## Goal of the exercise
Reproduce only this range: the line holding "compatibili con sedili" through the last line of the data below, both included, exactly, with no pictures.

## Input data
= = = = = = =
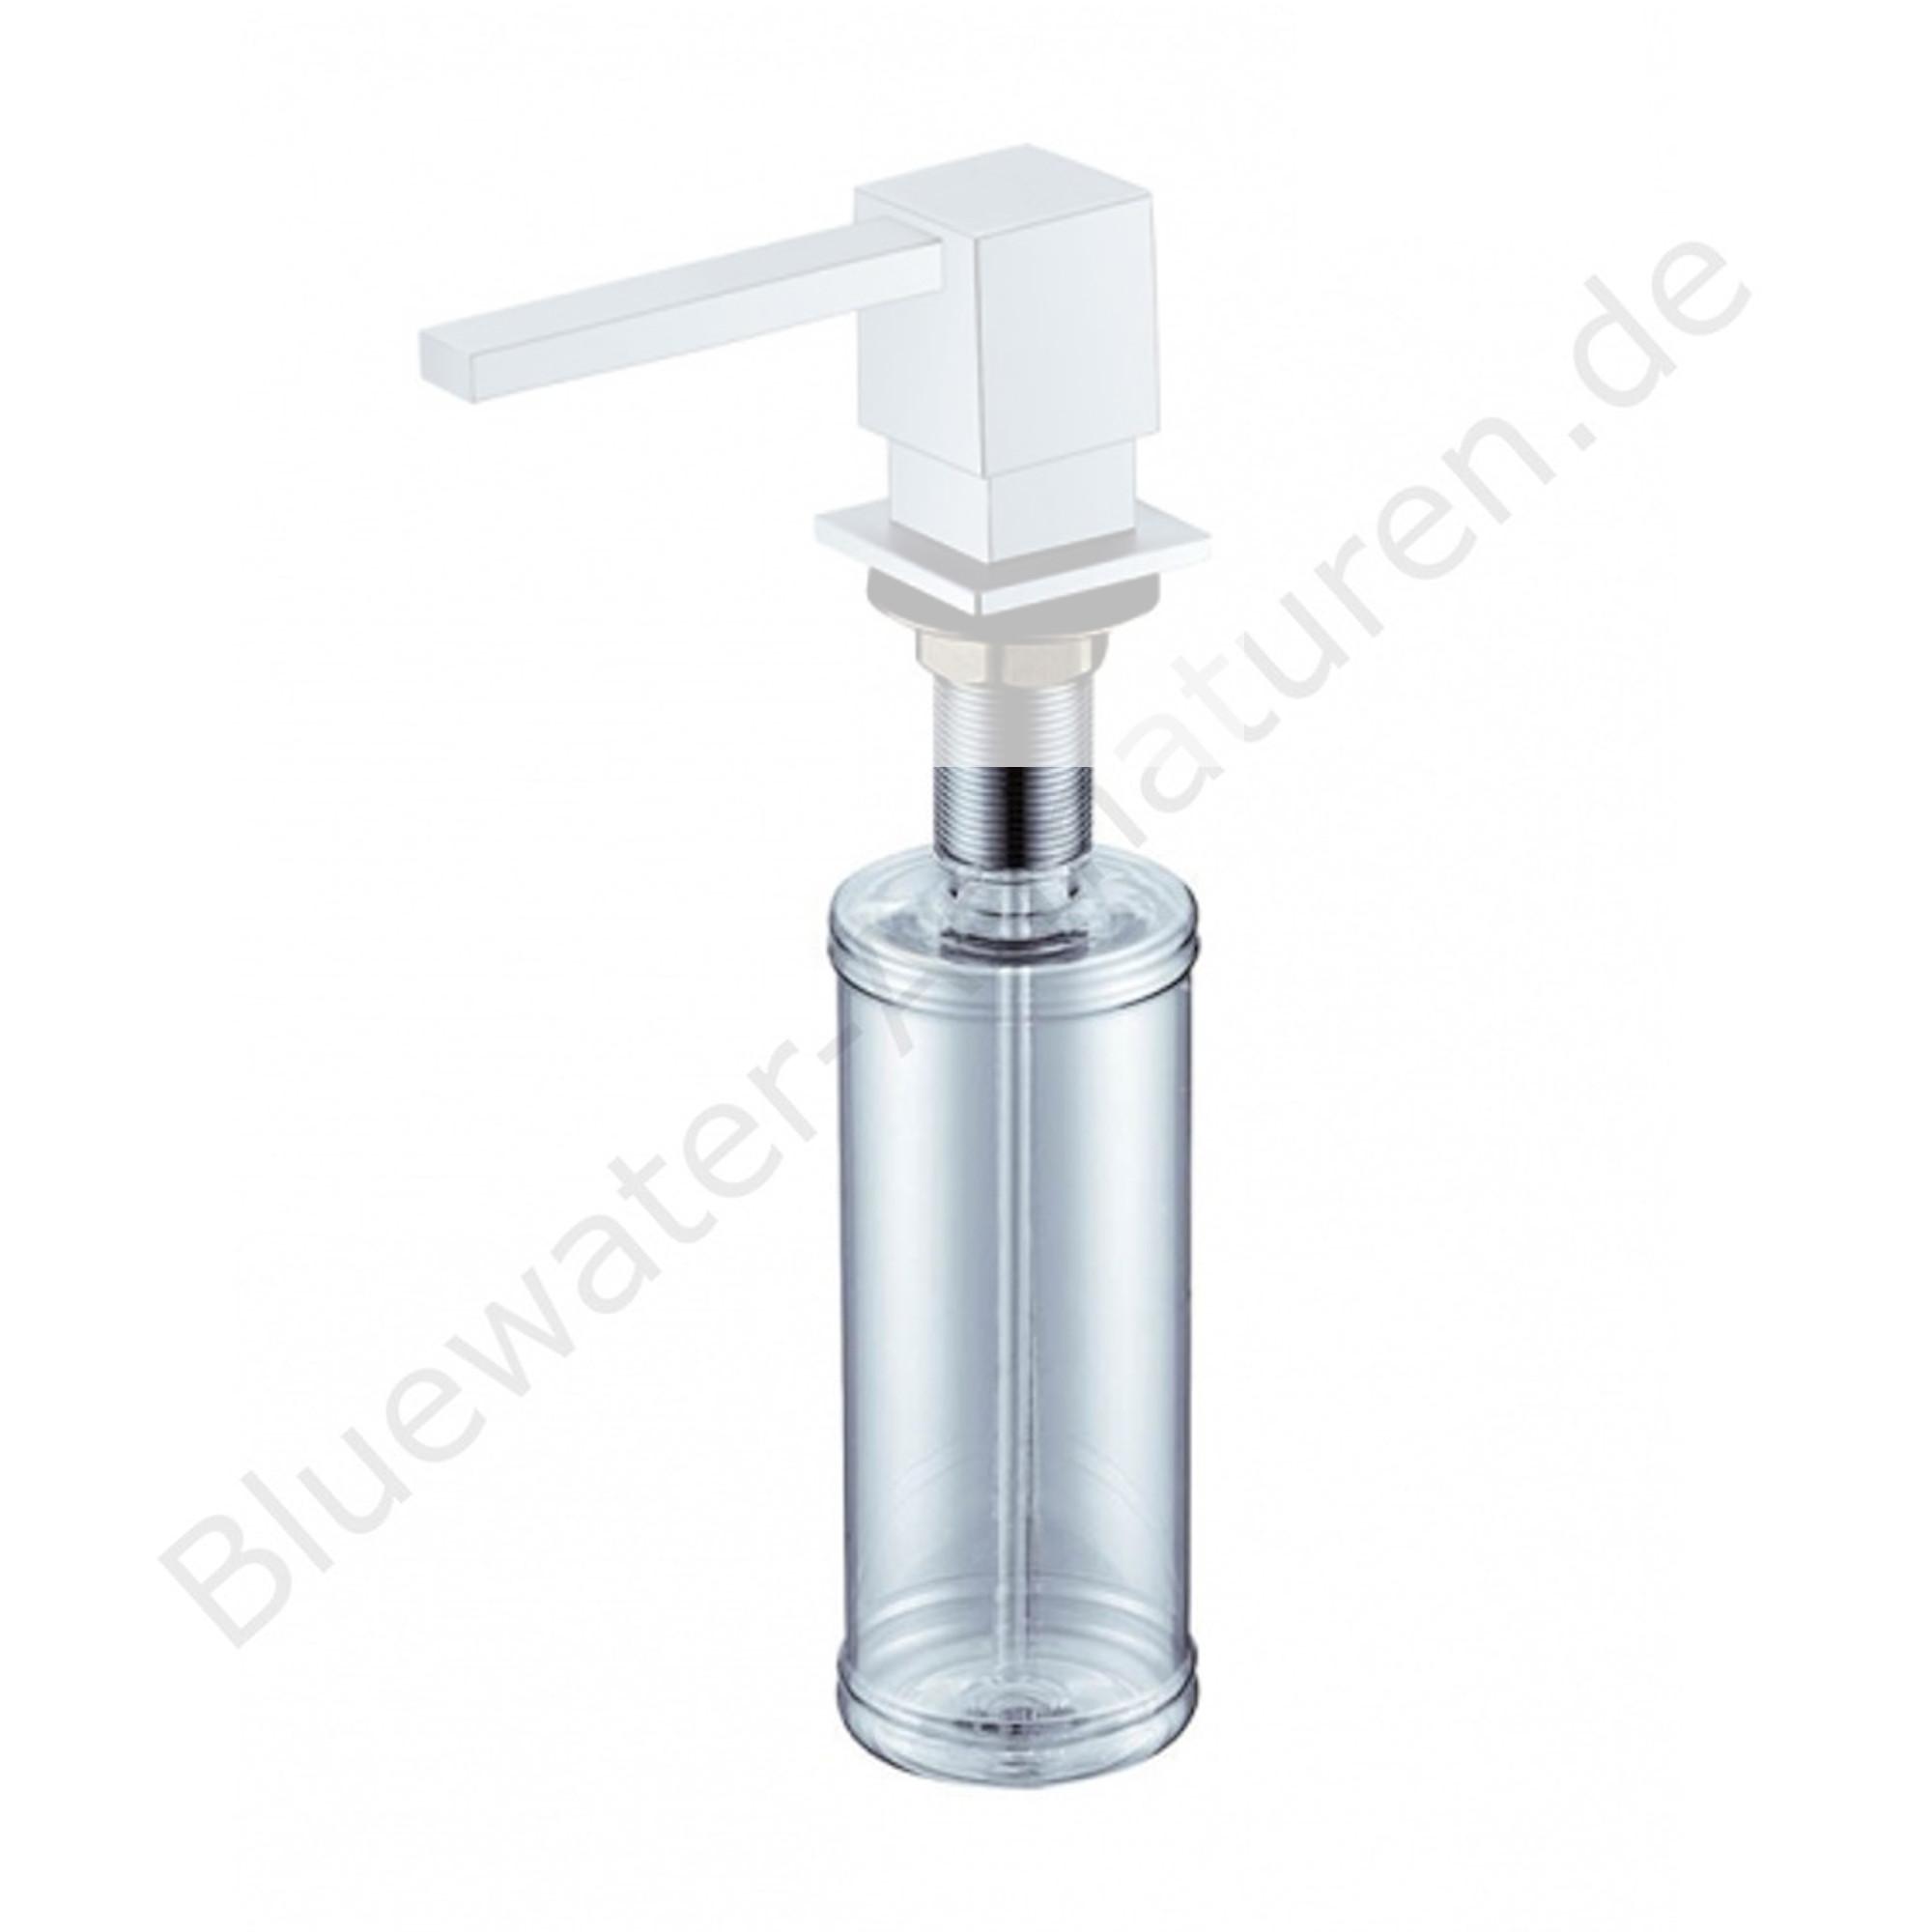 Ersatz-Behälter für Bluewater Messing Seifenspender Küche Eckig Satin
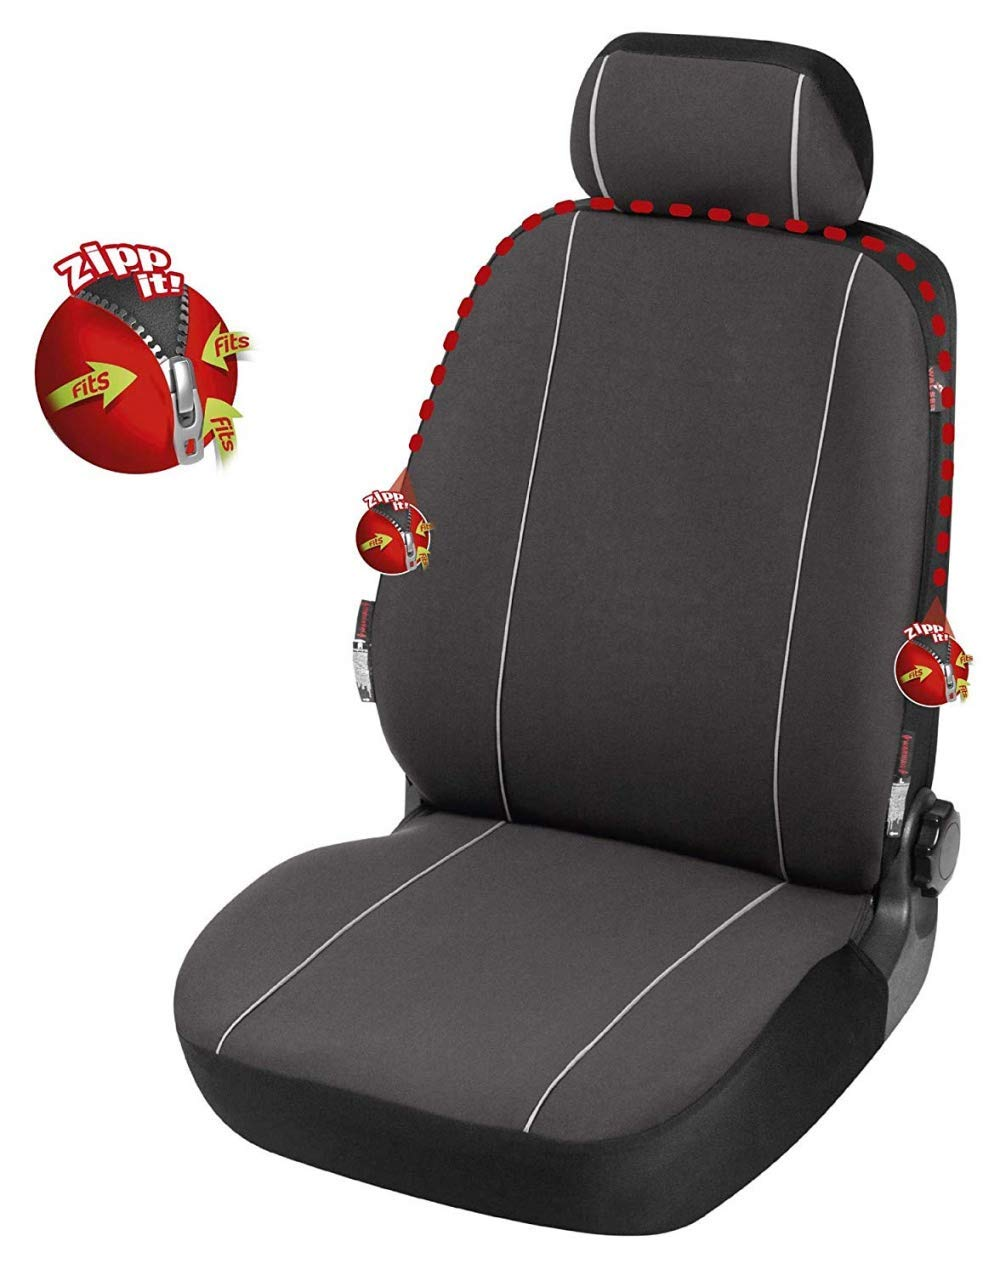 compatibili con sedili con airbag bracciolo Laterale H 2004-2010 rmg-distribuzione Coprisedili SPECIFICI per Astra Versione sedili Posteriori sdoppiabili R60S0615
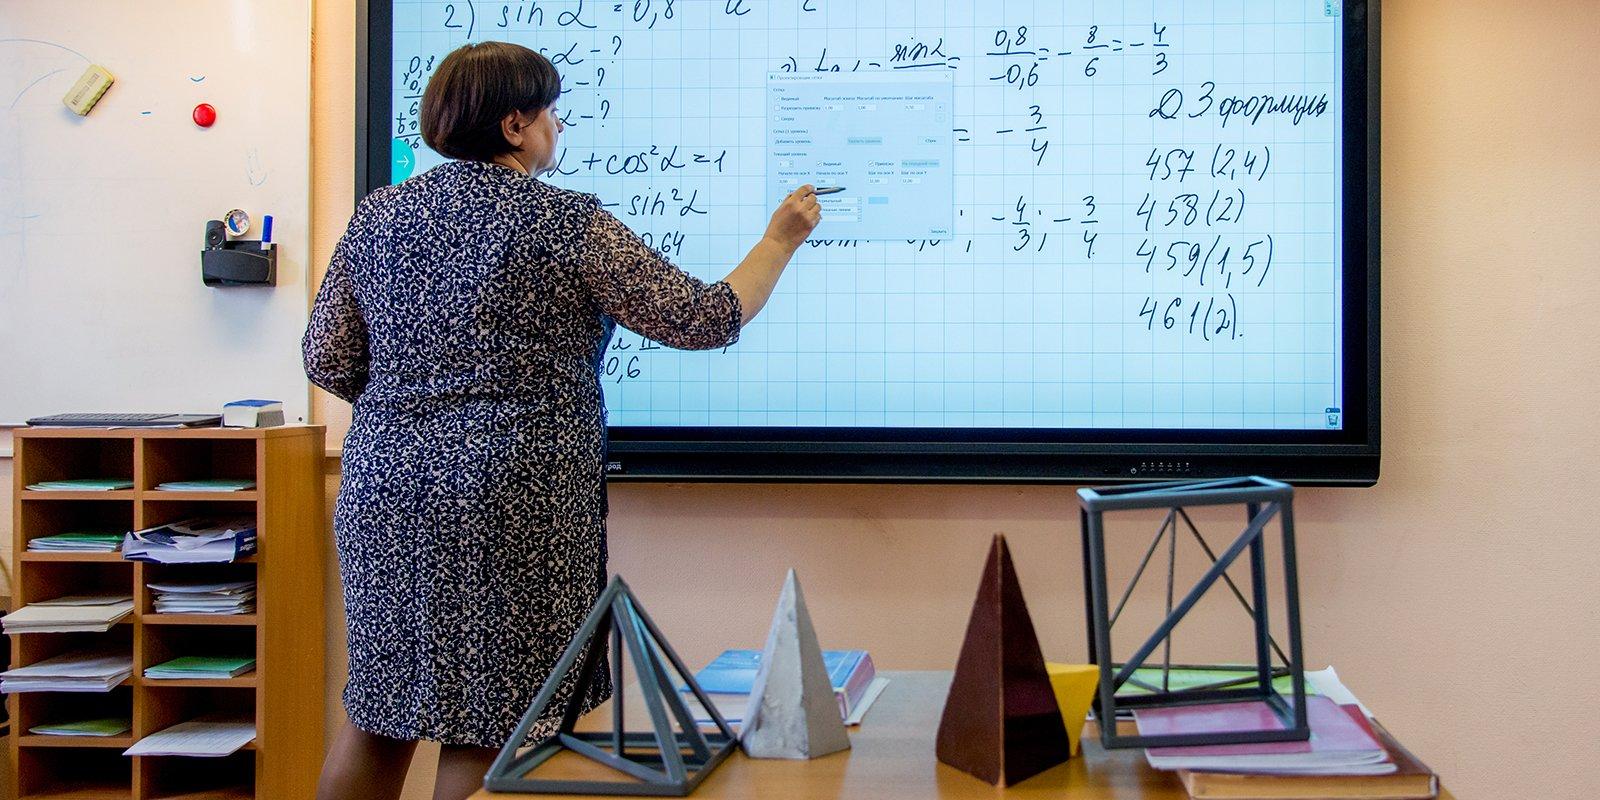 Более 1,6 тысячи грантов за вклад в развитие «Московской электронной школы» получили учителя в 2020 году
= = = = = = =
## Task solution
 compatibili con sedili con airbag bracciolo Laterale H 2004-2010 rmg-distribuzione Coprisedili SPECIFICI per Astra Versione sedili Posteriori sdoppiabili R60S0615
 Более 1,6 тысячи грантов за вклад в развитие «Московской электронной школы» получили учителя в 2020 году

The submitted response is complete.